Backlog at SAPS forensic labs not acceptable, says Cele
The police minister apologised to victims of crime and promised to get things up to speed within 18 months
The backlog of more than 280,000 cases at the SA Police Service (SAPS) forensic laboratories has been a “nightmare” for everyone relying on their services, police minister Bheki Cele conceded in parliament on Tuesday.
He apologised to all victims of crime “for the pain and anguish these delays have caused” and said the backlog is “unacceptable” and gave assurance that the problem is being addressed.
The four SAPS forensic laboratories are responsible for conducting DNA tests and profiling, which are often crucial to link crimes to their perpetrators. Without this evidence, prosecution cannot proceed.
Cele said that of the 280,291 backlogged cases, more than 60,000 have not yet been analysed; 36,626 are DNA-related and 82,000 related to gender-based violence (GBV) and femicide.
Cele was speaking at the end of an “urgent debate of national importance” in the National Assembly, that is, the DNA crisis within the SAPS, which was introduced by DA MP Andrew Whitfield who noted that the backlog had soared from just more than 7,000 in 2017/2018.
“Our goal is to bring normality back to the operations of the SAPS forensic laboratories within the next 18 months,” Cele said.
Part of the problem is corruption and some SAPS officials working in the laboratories and in supply chain management have been arrested and are in court on charges of corruption.
Also, from June 2020, there was no electronic track-and-trace functionality available due to the discontinuation of the IT system by the service provider. This meant tracking and tracing evidence could only be done manually, which saw a rapid build-up of the backlog as forensic analysts could only process a fraction of that done previously.
A new system with track-and-trace functionality is now fully operational and allows the laboratories to process 11,000 cases a week instead of the 1,000 when done manually.
Testing specimens for DNA also suffered a bottleneck due to a lack of kits. “This shortage was due to poor contract management in the SAPS,” Cele said. An urgent turnaround plan is being implemented. About 42% of dockets for crimes committed against women and children, outstanding for more than a year, have now been finalised.
All cases related to GBV and femicide are being prioritised based on guidance by the National Prosecuting Authority. A total of 77,485 such cases, which are court-ready but awaiting results from the forensic laboratories, are being processed, with more than 2,500 of such cases finalised so far.

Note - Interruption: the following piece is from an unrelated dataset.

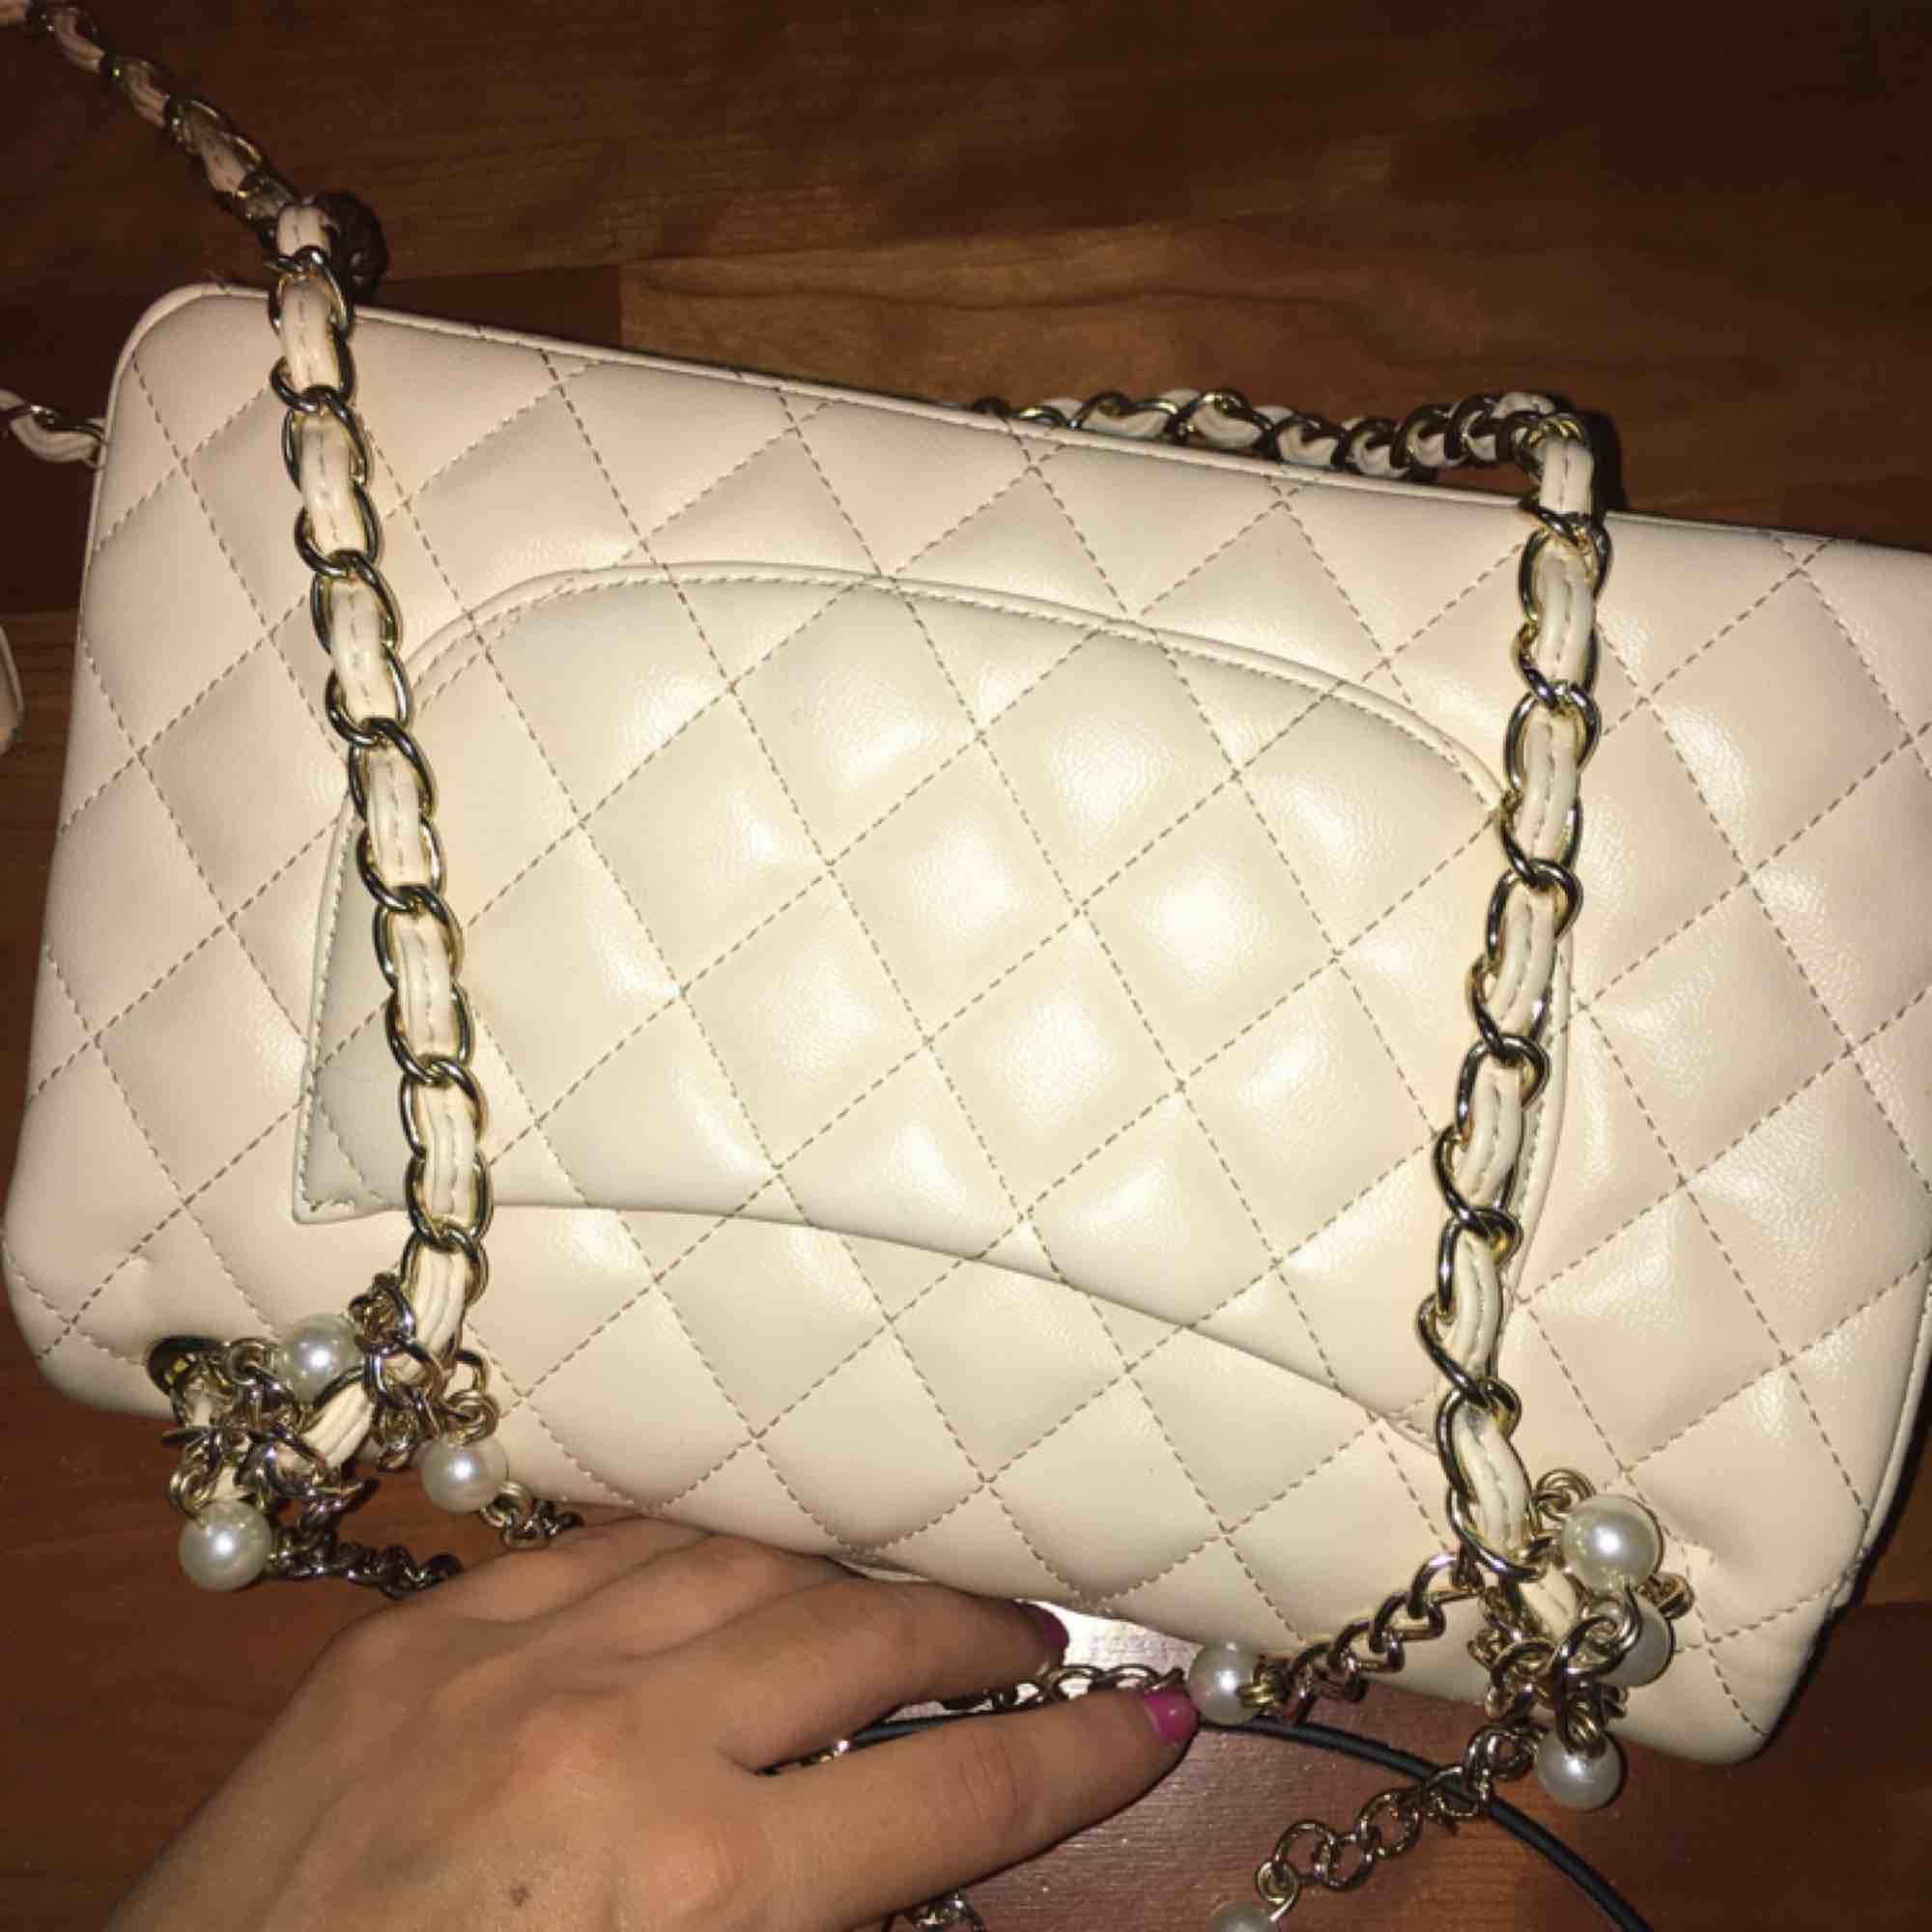 Chanel vit syntet väldigt fin kopia bra kvalite. Väskor.
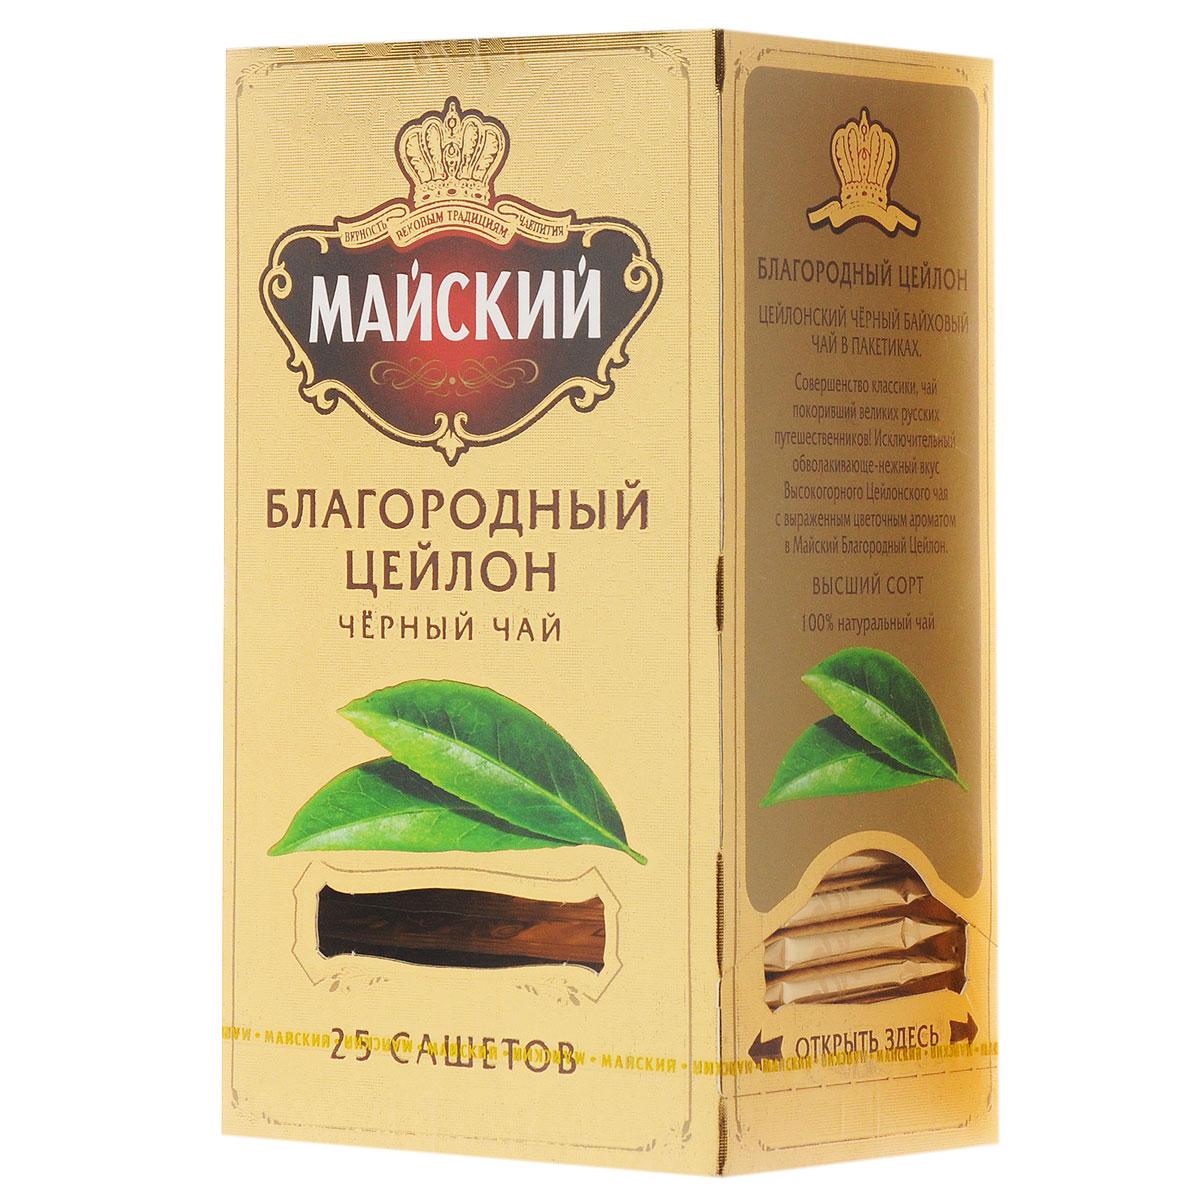 Майский Благородный Цейлон черный чай в пакетиках, 25 шт майский отборный черный чай в пакетиках 25 шт

An overhaul of the contract management system at the laboratories is under way, Cele told MPs, with long-term contracts being reviewed. Consumables, such as DNA kits, are being procured and the human capacity at the laboratories is being built up so that by the end of July there will be an additional 150 forensic analysts.
It is envisaged that 40% of the laboratory staff will be dedicated to addressing the backlog, and 60% new cases. “We are turning the tide,” Cele said.